Another way in which open-plan office workers attempt to reduce the influence of distraction within the office environment is through wearing headphones. Merely wearing headphones (without playing music) may create an aura of privacy whereby co-workers may assume that the individual is busy and are less likely to interrupt them. Moreover, headphones reduce the loudness and intelligibility of background speech, thereby possibly reducing the subjective intrusiveness of the sound. Masking by headphones may also involve personal control over the sound, which may provide better satisfaction than, for example, global masking with ceiling loudspeakers, which is not under personal control of the individuals. This is an important issue as research shows that those who perceive control over a sound demonstrate higher satisfaction and greater performance [18]. Simply wearing headphones could be a cost-effective and simple means by which distraction could be reduced in noisy environments. As such, the current study explores whether merely wearing headphones is a sufficient way of reducing distraction to cognitive performance and subjective task load produced by task-irrelevant sound.
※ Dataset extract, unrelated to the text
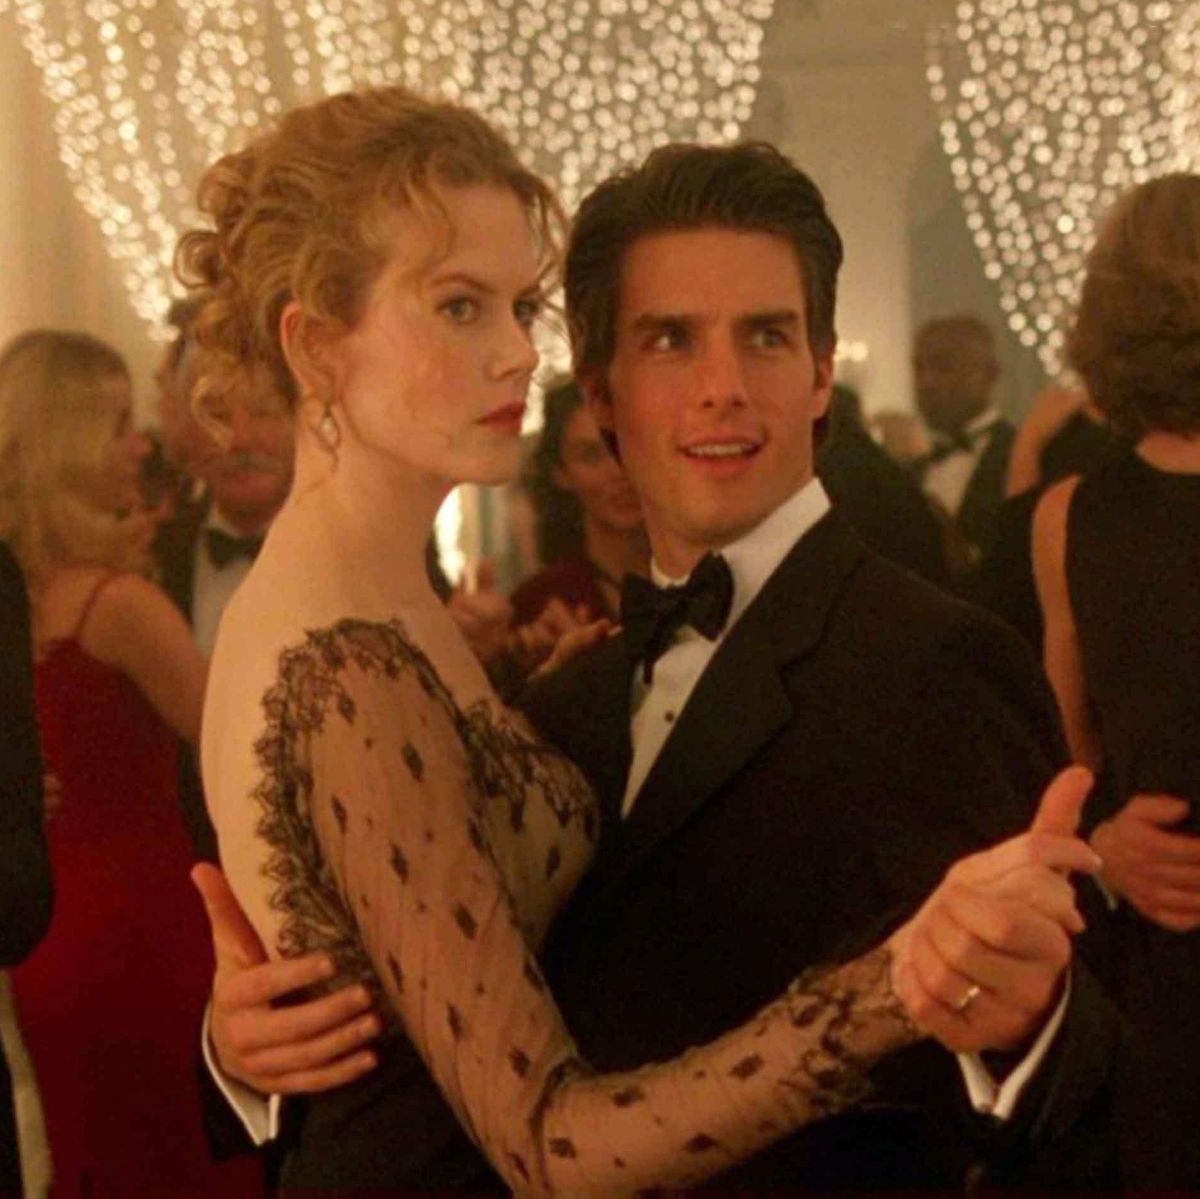 Με τον πρώην συζυγό της, Tom Cruise, στην ταινία που συμπρωταγωνιστούσαν, Μάτια Ερμητικά Κλειστά

One of the most commonly employed empirical tools to test auditory distraction, within this field of research, is the serial short-term memory task. In this task, the participants are typically visually-presented with a sequence of items (digits or letters), one by one, and are required to recall them in the same order as they were presented. The to-be-recalled items are either presented in silence or against a background of sound. When some types of sounds are presented, recall is impaired. The magnitude ofdisruption appears to be insensitive to differences in the sound’s intensity - sound at the intensity of a whisper [48dB(A)] is just as distracting as sound presented at the intensity of a shout [76dB(A)] [19]. It should be noted, however, that if the instructions for the task allow free recall (in contrast to serial recall), the intensity of the sound appears to be more important [20]. Moreover, the magnitude by which serial recall is disrupted by background sound is not influenced by the similarity in meaning between the background speech and the to-be-recalled items [21]. It is only in the context of free recall that background speech (e.g., names of animals) similar in meaning to the to-be-recalled items (e.g., names of other animals) is more disruptive than semantically unrelated speech (e.g., names of tools [22, 23]). Instead, disruption to serial recall is a function of the acoustic variability of the background sound [24]. Acoustically variable sound (such as the sound sequence “k l m v r q c”) is more disruptive than acoustically invariable sound (“m m m m m m m”). This finding is called the changing-state effect [24]. Moreover, a deviant sound embedded into an otherwise repetitive sequence (e.g., “m m m K m m m”) also produces distraction. This is called the deviation effect [25].
In view of these findings, broadband noise presented simultaneously with the background speech, which reduces the acoustic variability and the distinctiveness of individual elements in the sound stream, should protect against the effects of background speech on serial short-term memory. This is because adding a mask reduces the perception of change between the successively presented sounds within the sound stream. The addition of the masking stimulus not only reduces the changing-state effect but also the deviation effect since for an item to be processed as deviant, successive changes within the auditory stream must be processed. The addition of broadband noise, music [15], spring water [9], and additionally played-back speech [10, 26–29] as a masker has beneficial effects to disruption of serial short-term memory, but even though masking sound protects performance, the acceptance ratings of the masking sounds are typically not high and people tend to prefer silent conditions [7]. This discrepancy between performance data and subjective evaluations of masking sounds has also been reported in other studies (e.g., [10, 31]. These findings underscore the necessity to consider both performance data and subjective ratings when evaluating the effectiveness and appropriateness of a certain sound as a masker in work environments. Whilst a masker comprising multiple voices can protect performance from distraction to a greater extent than a single voice mask, typically the ratings of workload are still higher with multiple-voice masking than in quiet [10]. In the current study, we investigate the effectiveness of a multiple-voice masker in comparison with other maskers, and whether these maskers attenuate distractions so that performance and perceived workload is comparable to a quiet condition.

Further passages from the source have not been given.